◆ Activity ◆
Give the listing again exactly, skipping any pictures it holds.

◆ Given material ◆
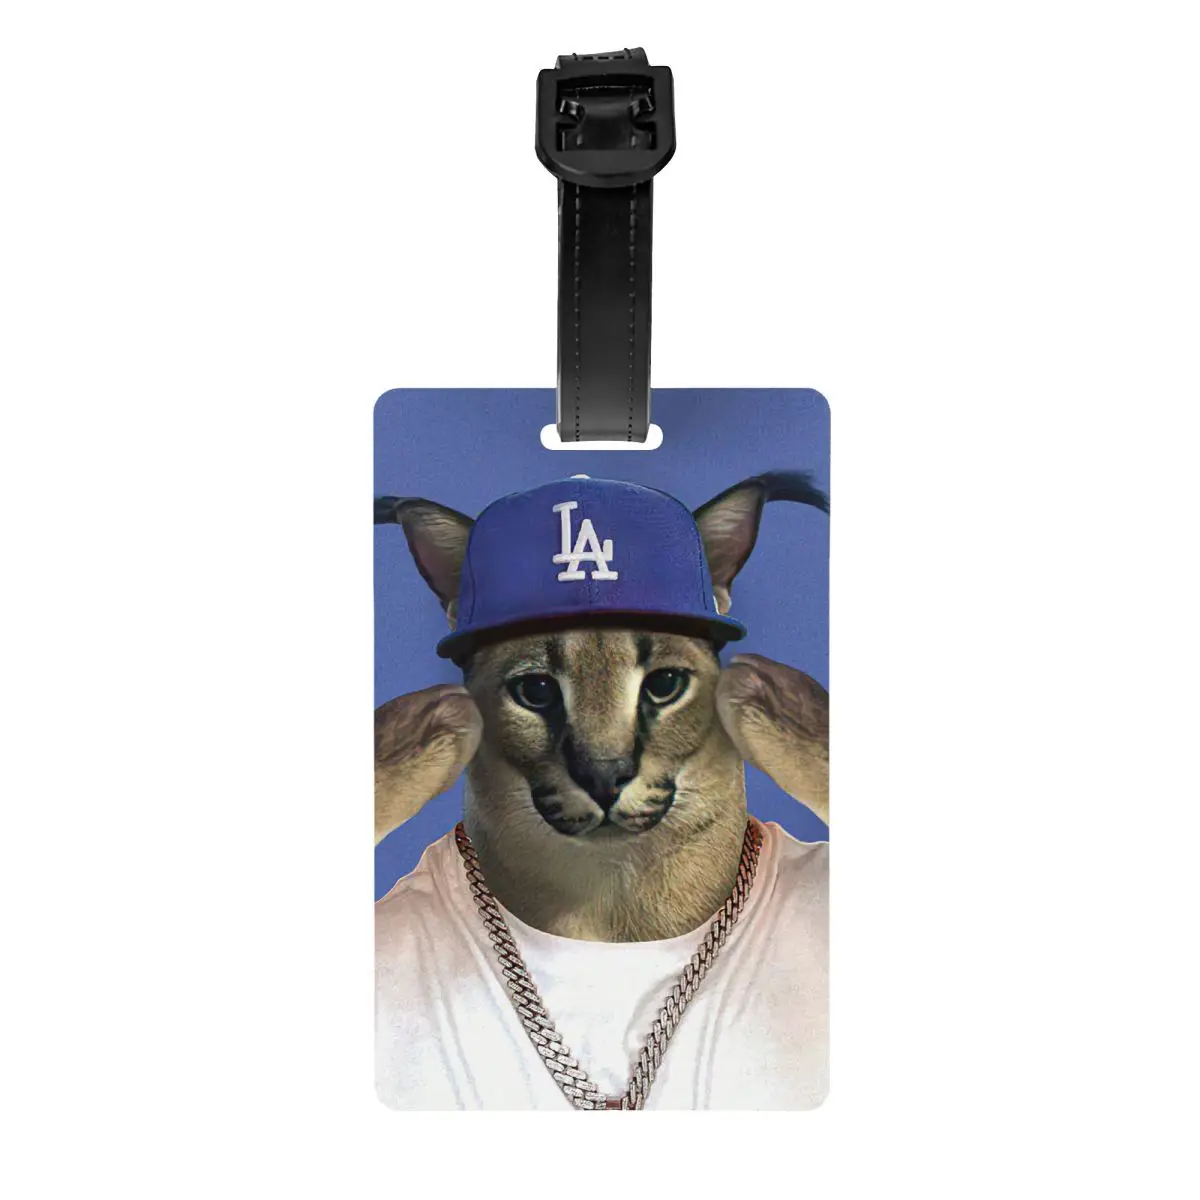 

Big Floppa Rapper Meme Luggage Tag for Suitcases Fashion Funny Caracal Cat Baggage Tags Privacy Cover Name ID Card
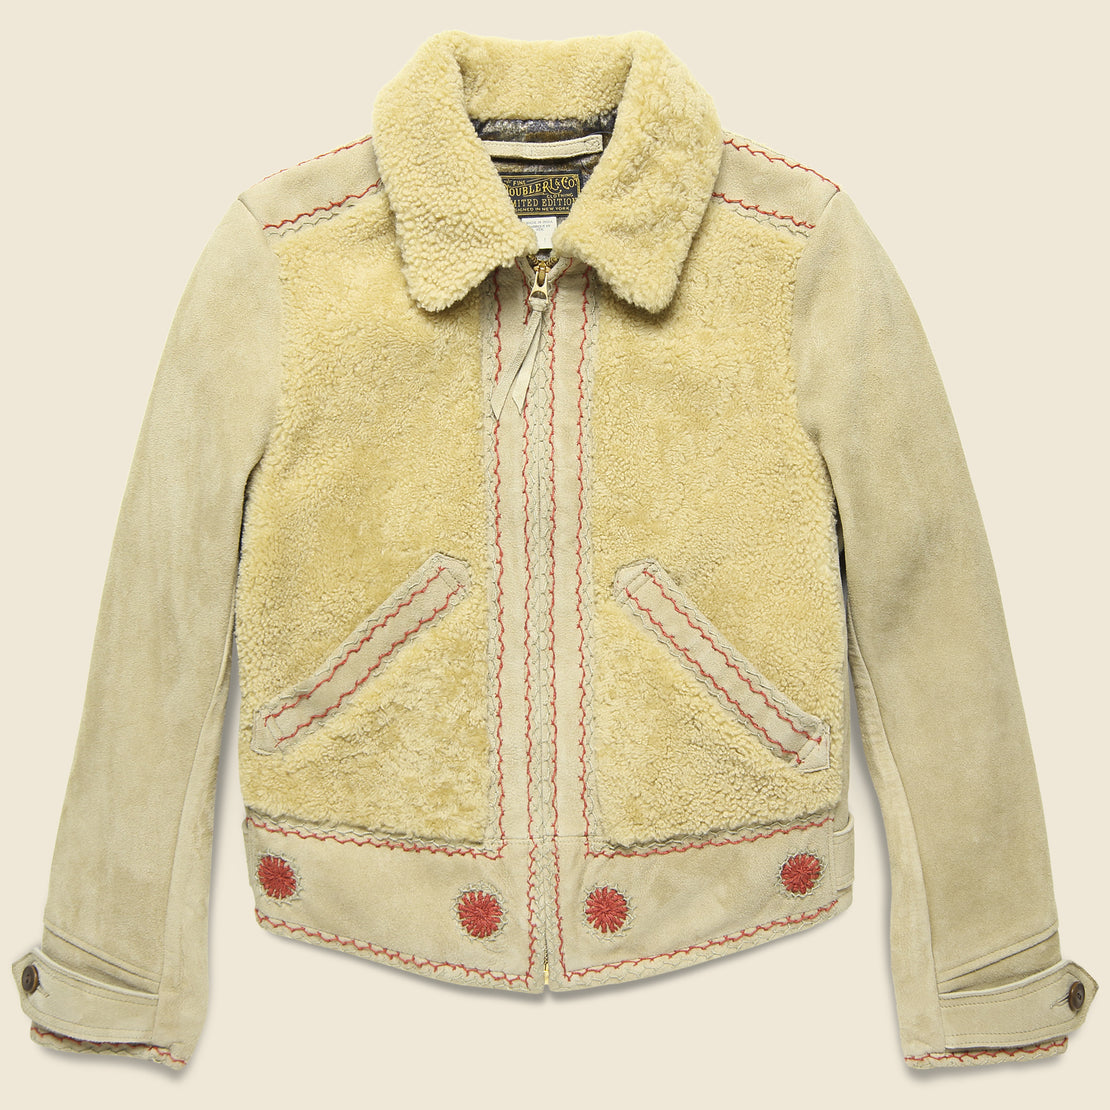 RRL Williams Shearling Embroidered Suede Jacket - Cream
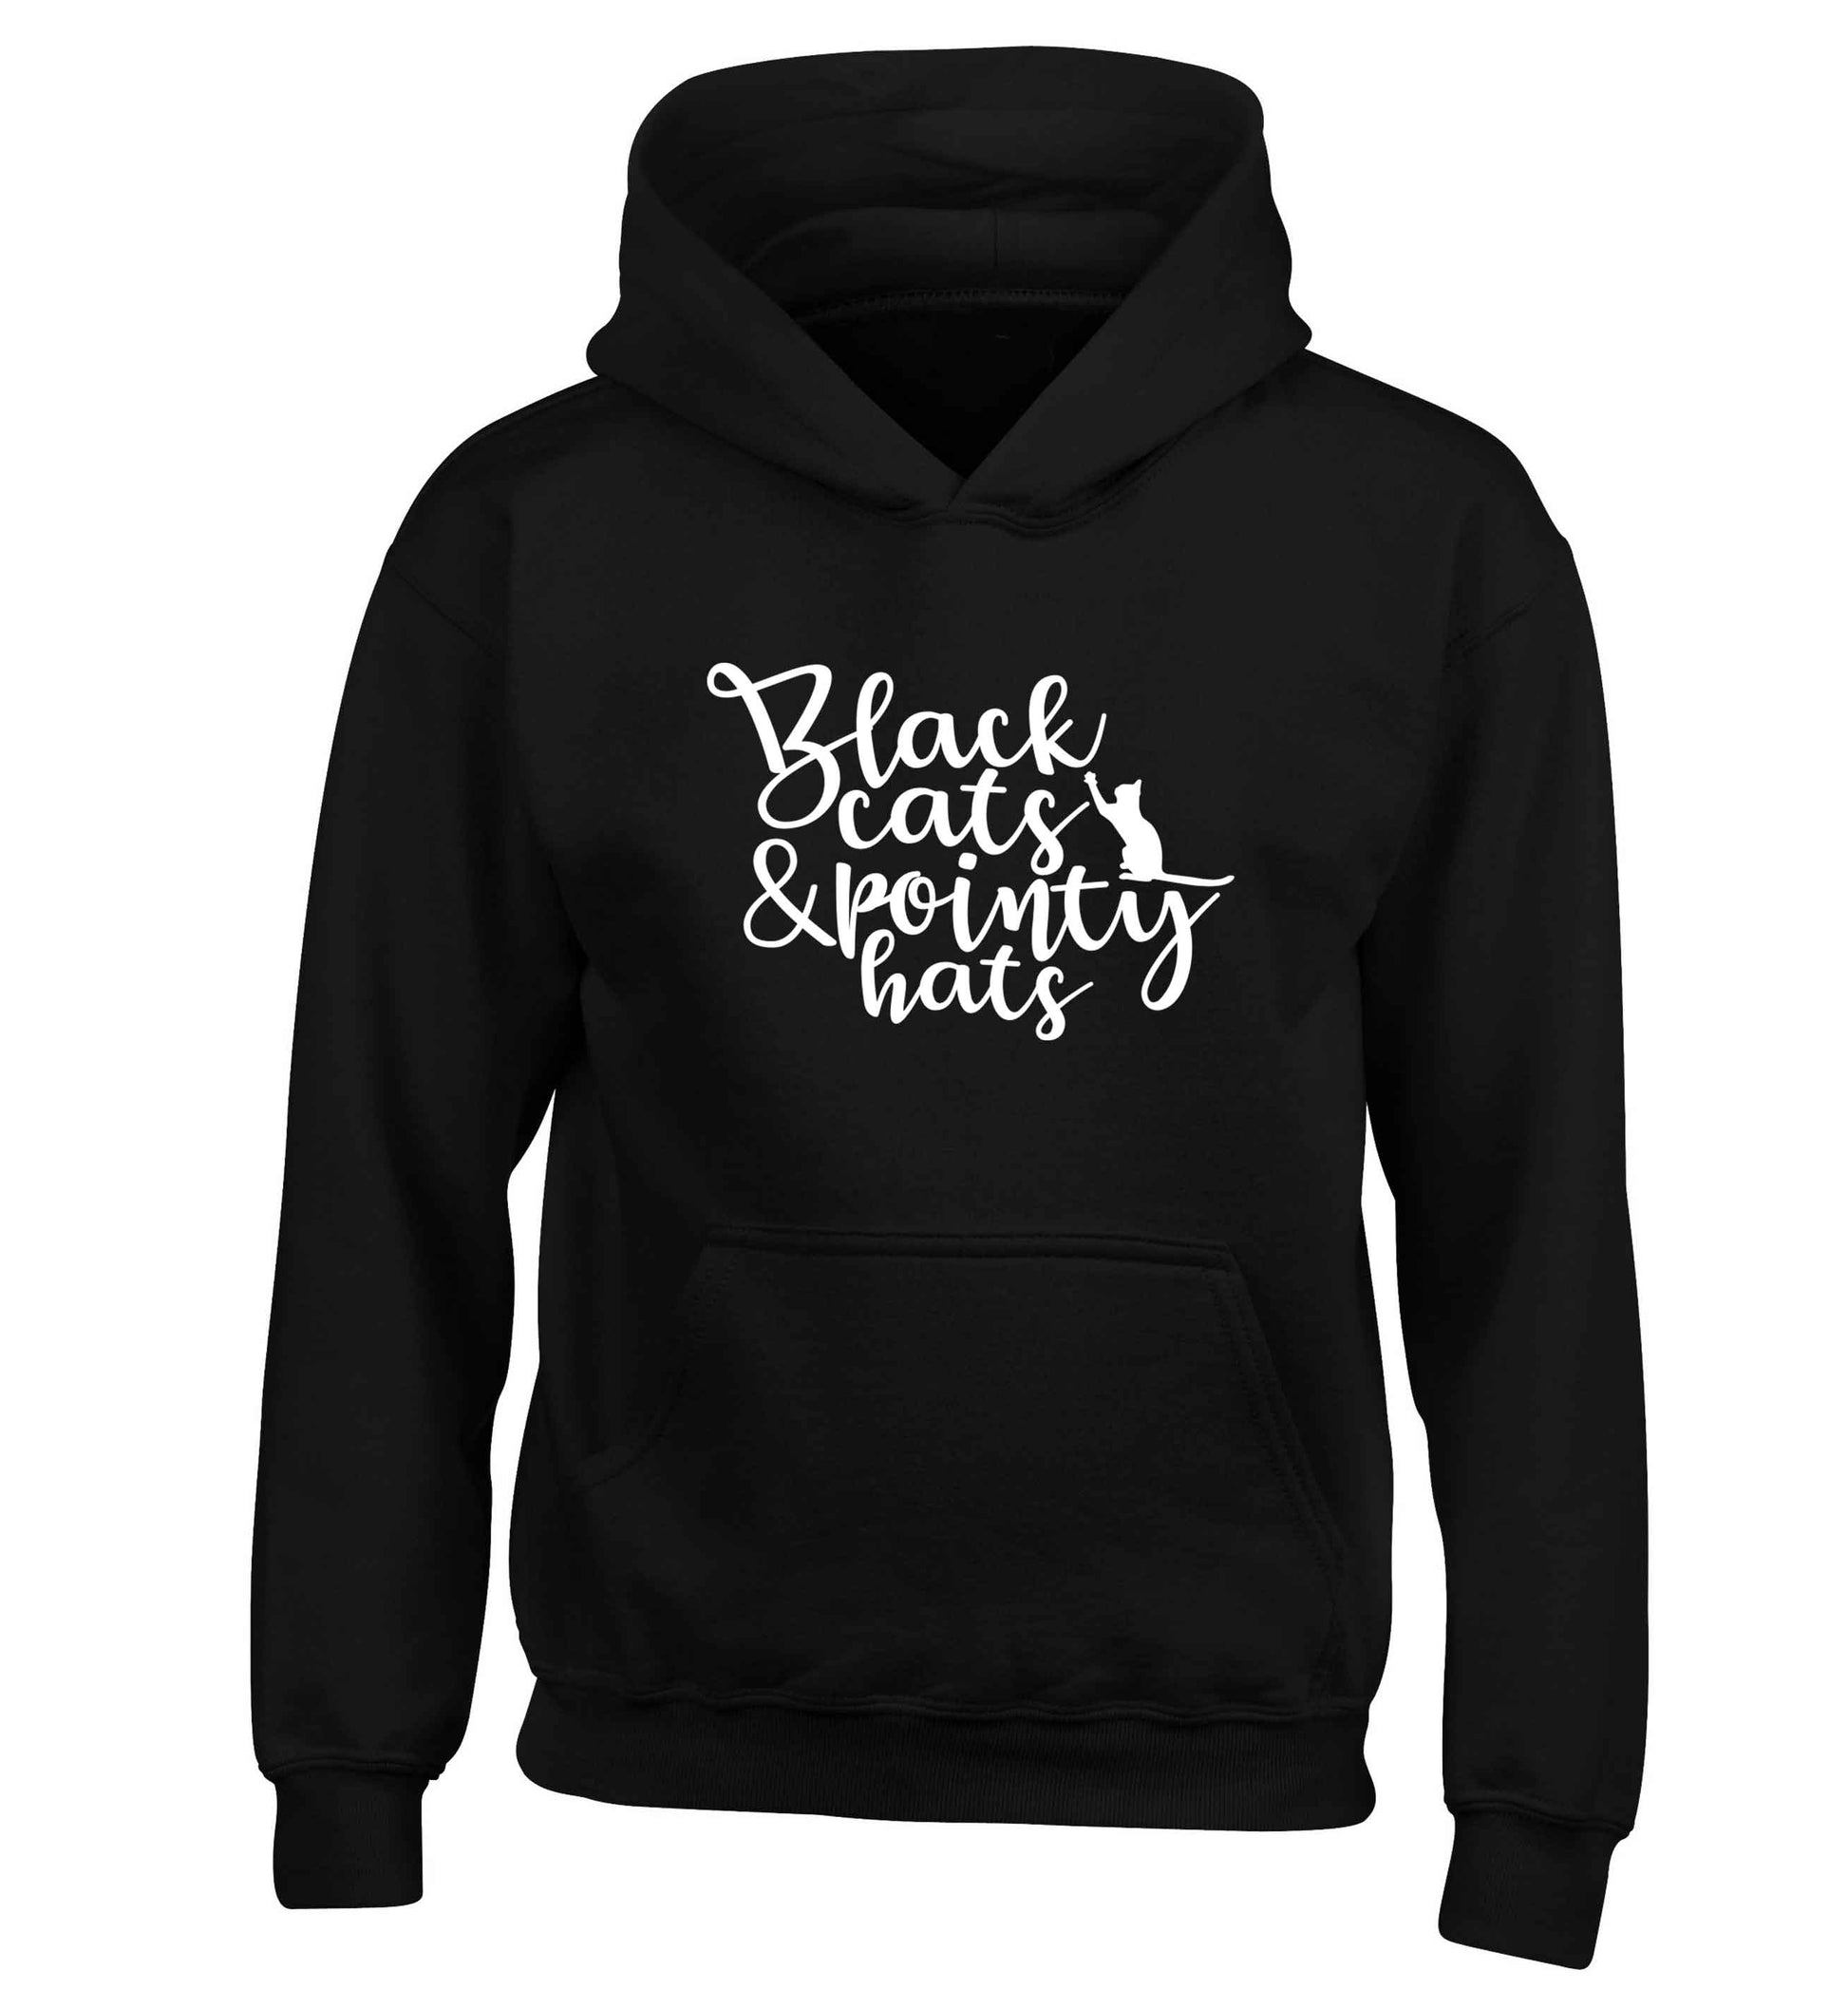 Black cats and pointy hats children's black hoodie 12-13 Years

◆ Solved problem ◆
Big Floppa Rapper Meme Luggage Tag for Suitcases Fashion Funny Caracal Cat Baggage Tags Privacy Cover Name ID Card
 RRL Williams Shearling Embroidered Suede Jacket - Cream
 Black cats and pointy hats children's black hoodie 12-13 Years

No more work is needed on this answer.